Cellular sense of touch

The quest to decipher how the body’s cells sense touch

The discovery of Piezo2 and a related protein, Piezo1, was a high point in a decades-long search for the mechanisms that control the sense of touch. The Piezos are ion channels — gates in the cell membrane that allow ions to pass through — that are sensitive to tension. “We’ve learned a lot about how cells communicate, and it’s almost always been about chemical signalling,” says Ardem Patapoutian, a molecular neurobiologist at Scripps Research in La Jolla, California, whose group identified the Piezos. “What we’re realizing now is that mechanical sensation, this physical force, is also a signalling mechanism, and very little is known about it.”

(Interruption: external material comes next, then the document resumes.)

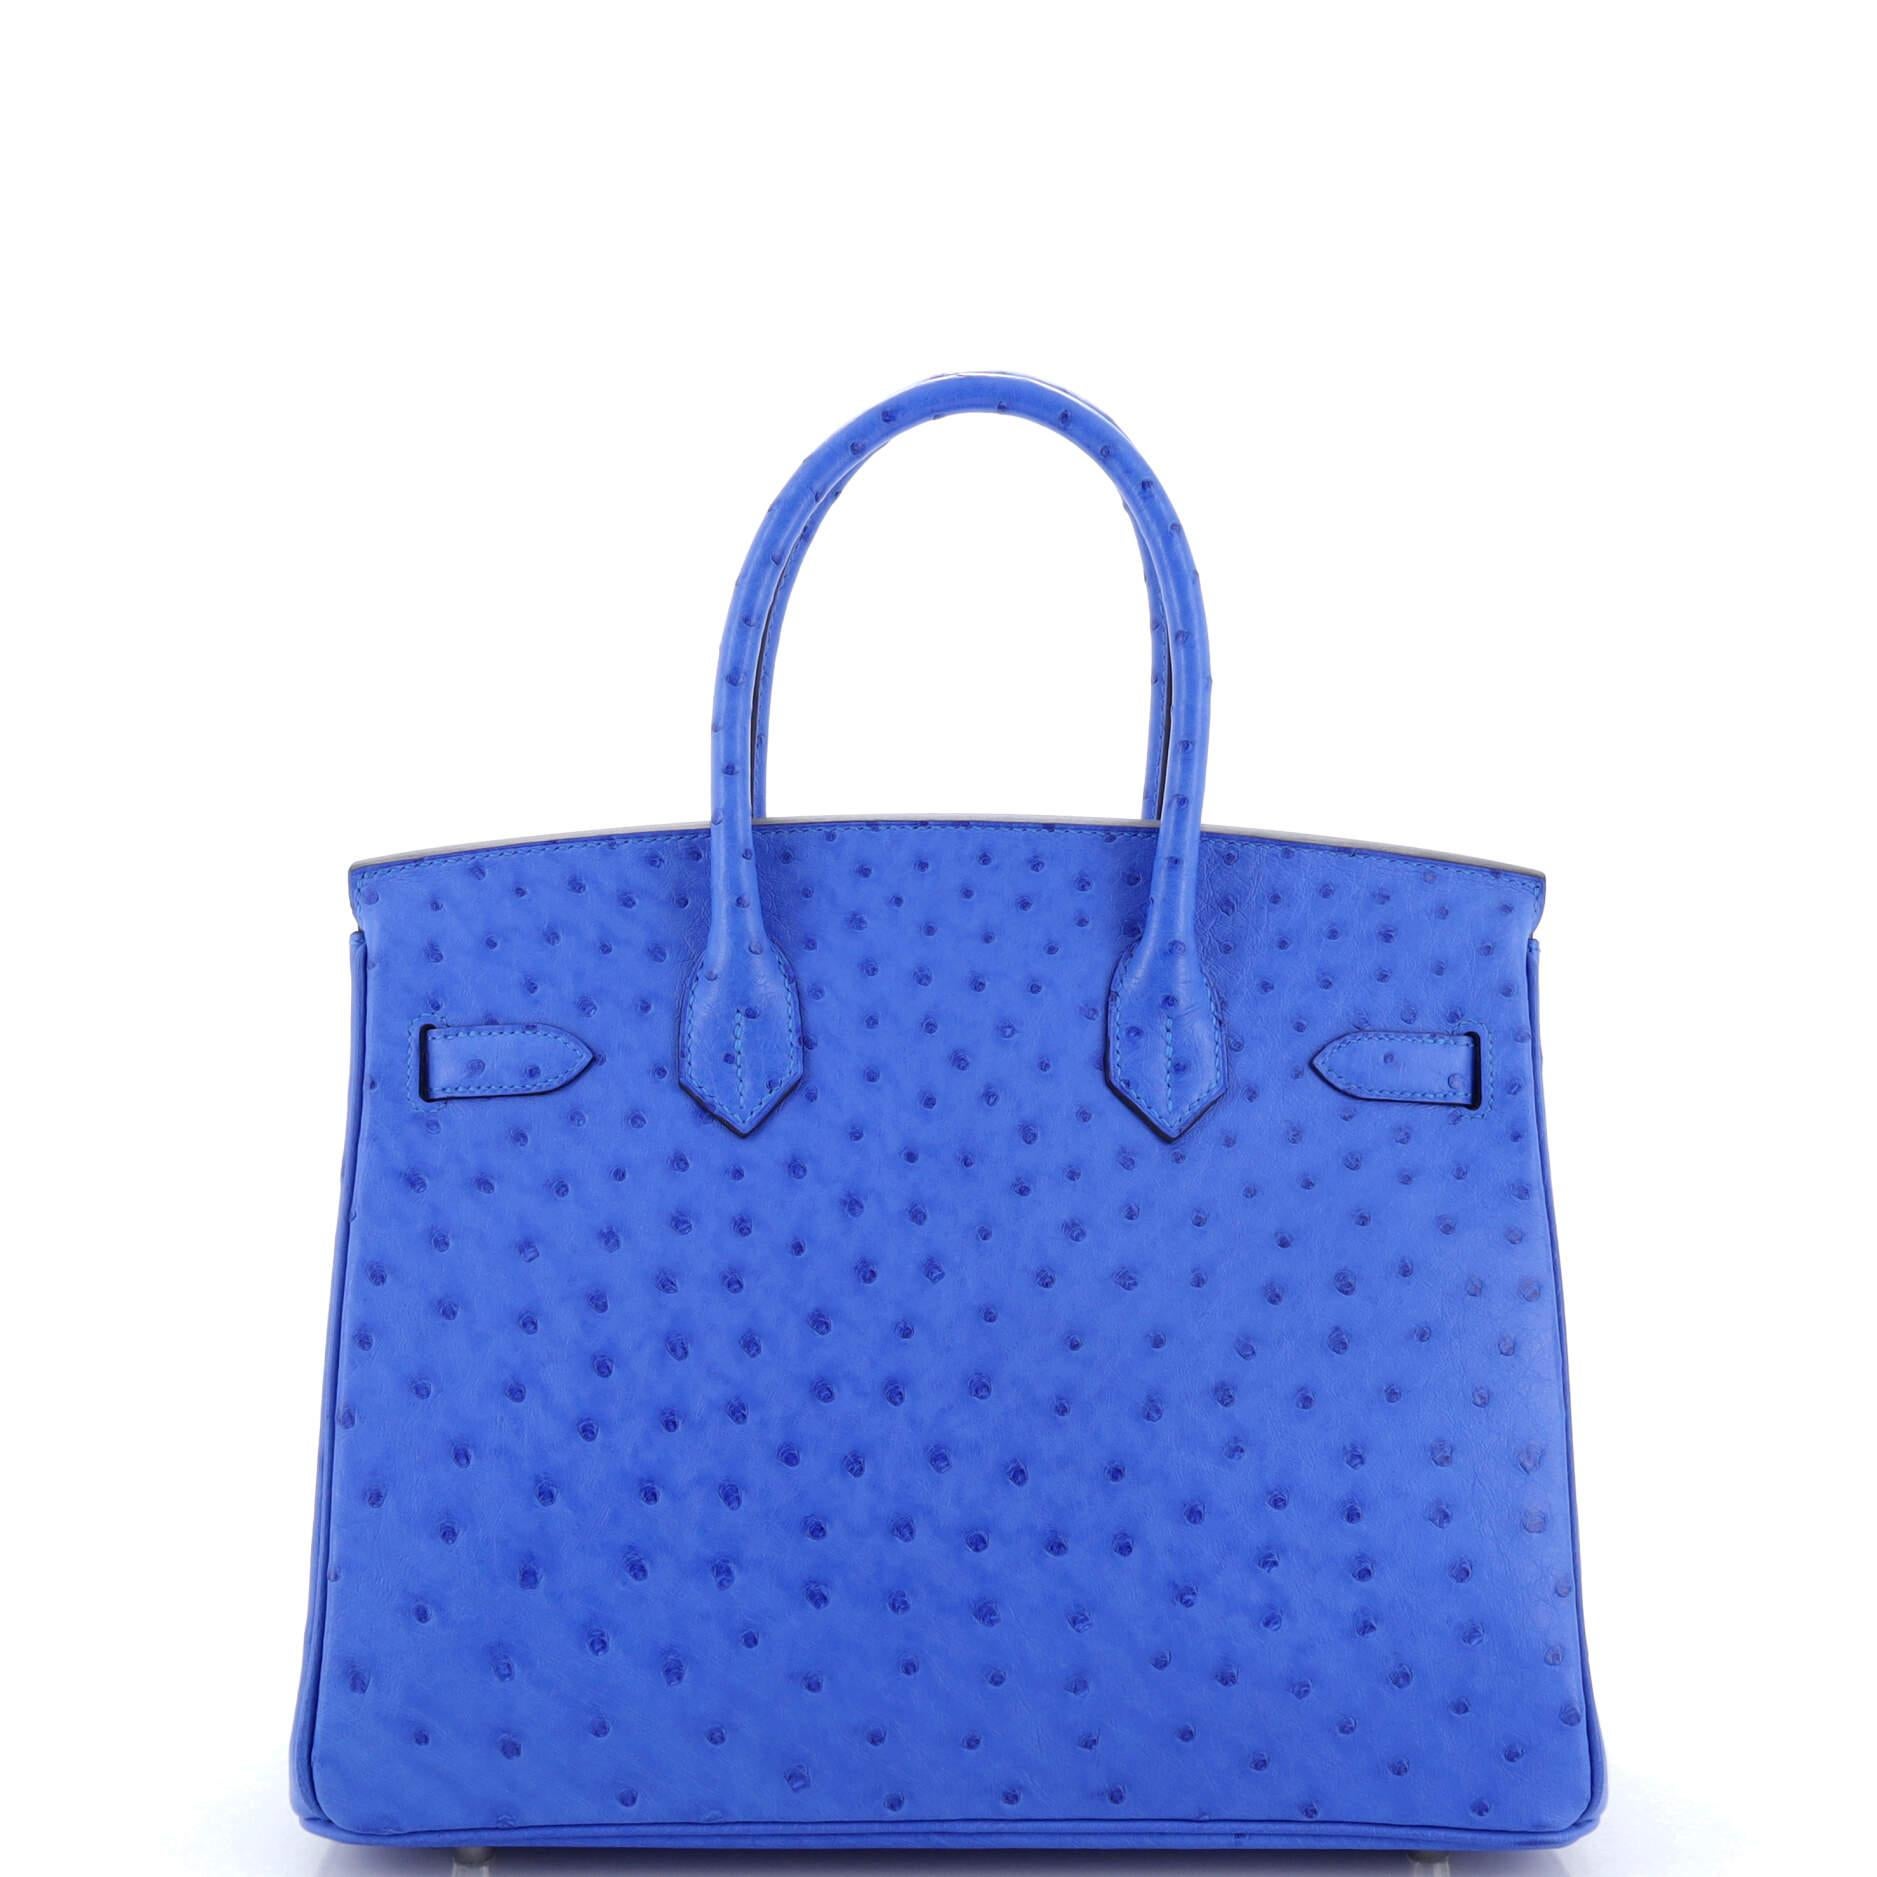 Women's Hermes Birkin Handbag Bleuet Ostrich with Palladium Hardware 30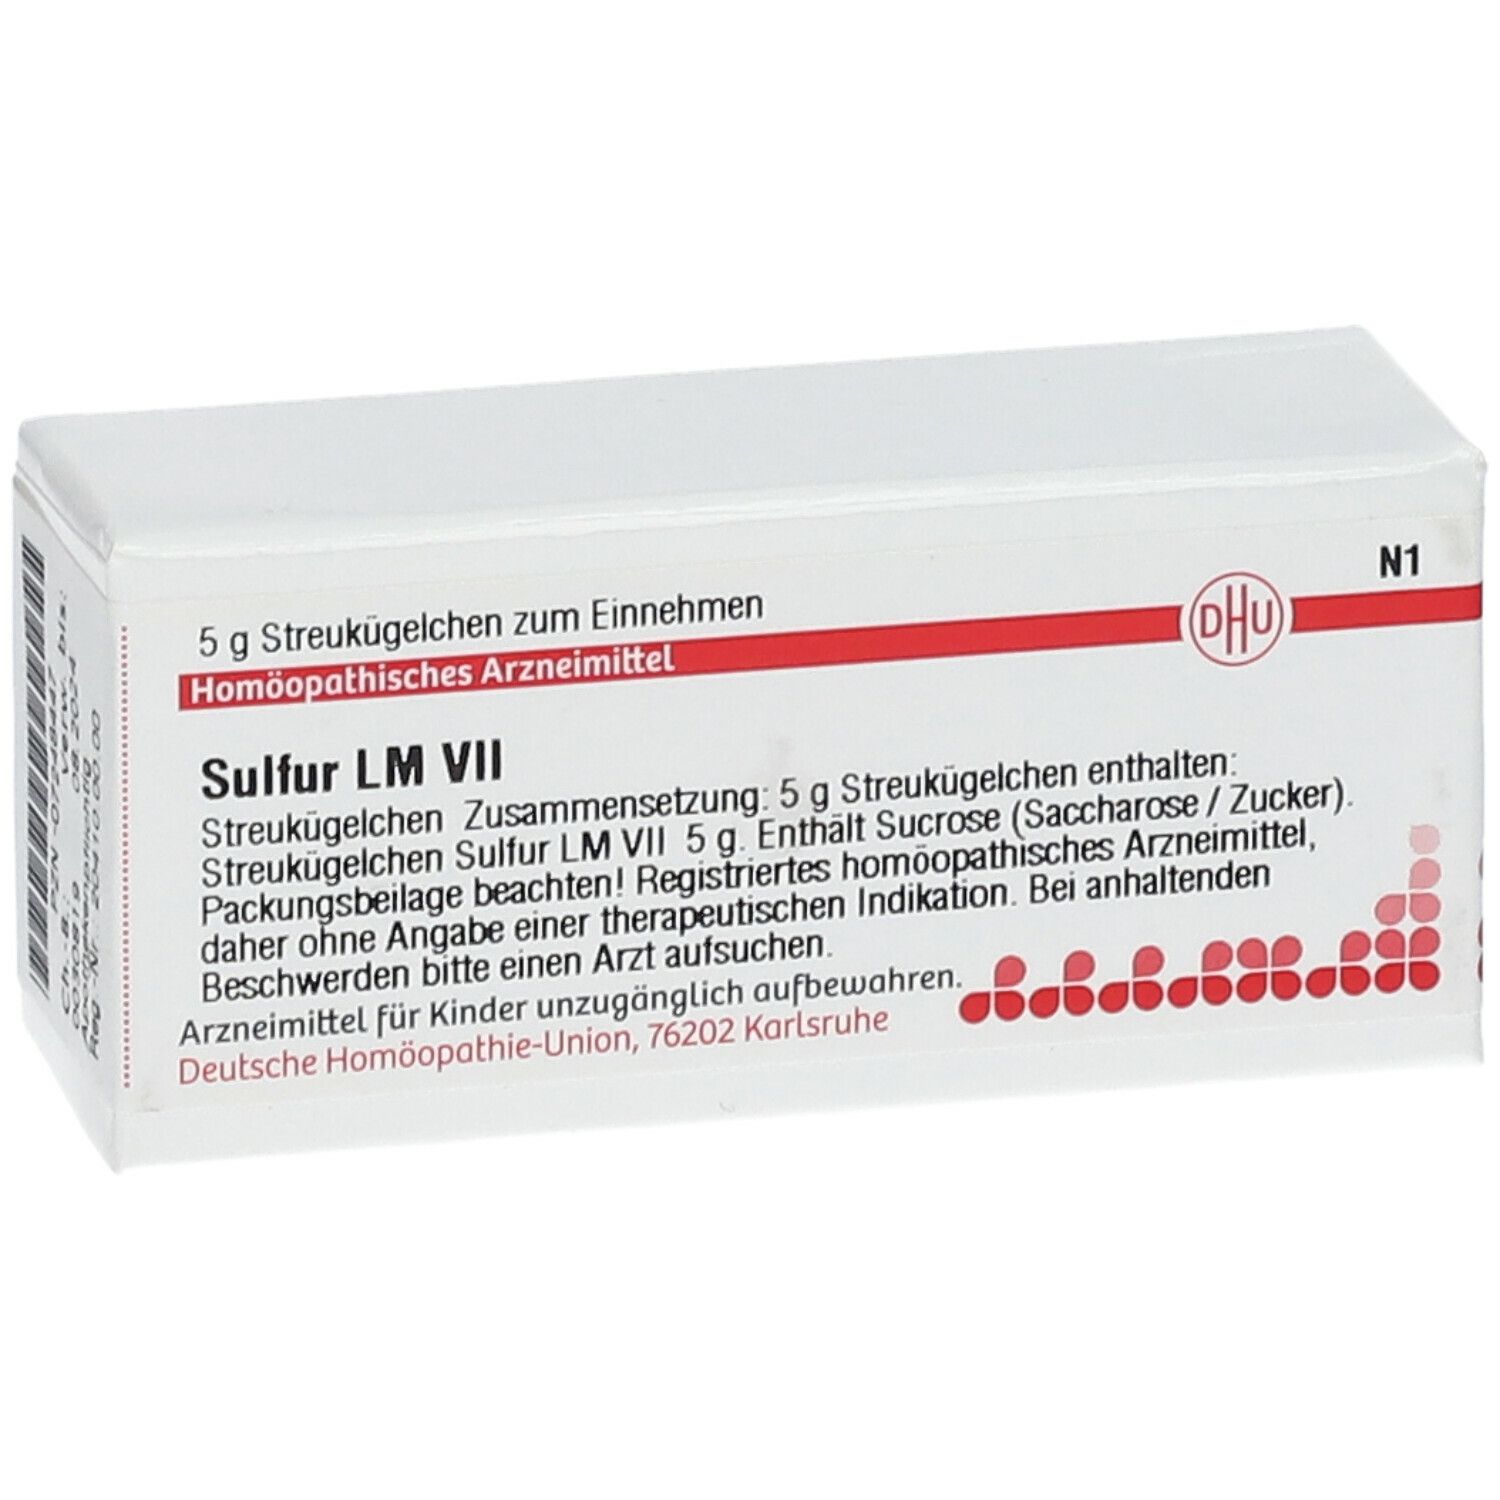 DHU Sulfur LM VII

Patapoutian’s team, meanwhile, is looking for entirely new channel families. In 2018, he, Murthy and Scripps structural biologist Andrew Ward reported what they think could be the largest group of mechanically activated channels. They knew of a protein family that helps plants to sense osmotic pressure — the OSCA proteins — and reasoned that they might sense force more generally. In human kidney cells, OSCAs did indeed respond to Murthy’s stretching of the cell membrane14.

The channels discovered so far cannot explain all instances of cellular mechano-sensitivity, says Murthy, now a biophysicist and neuroscientist at Oregon Health & Science University in Portland. More mechanosensors must be out there. And those sensors probably have more jobs than are known today, says Patapoutian. “We’ve just barely scraped the surface.”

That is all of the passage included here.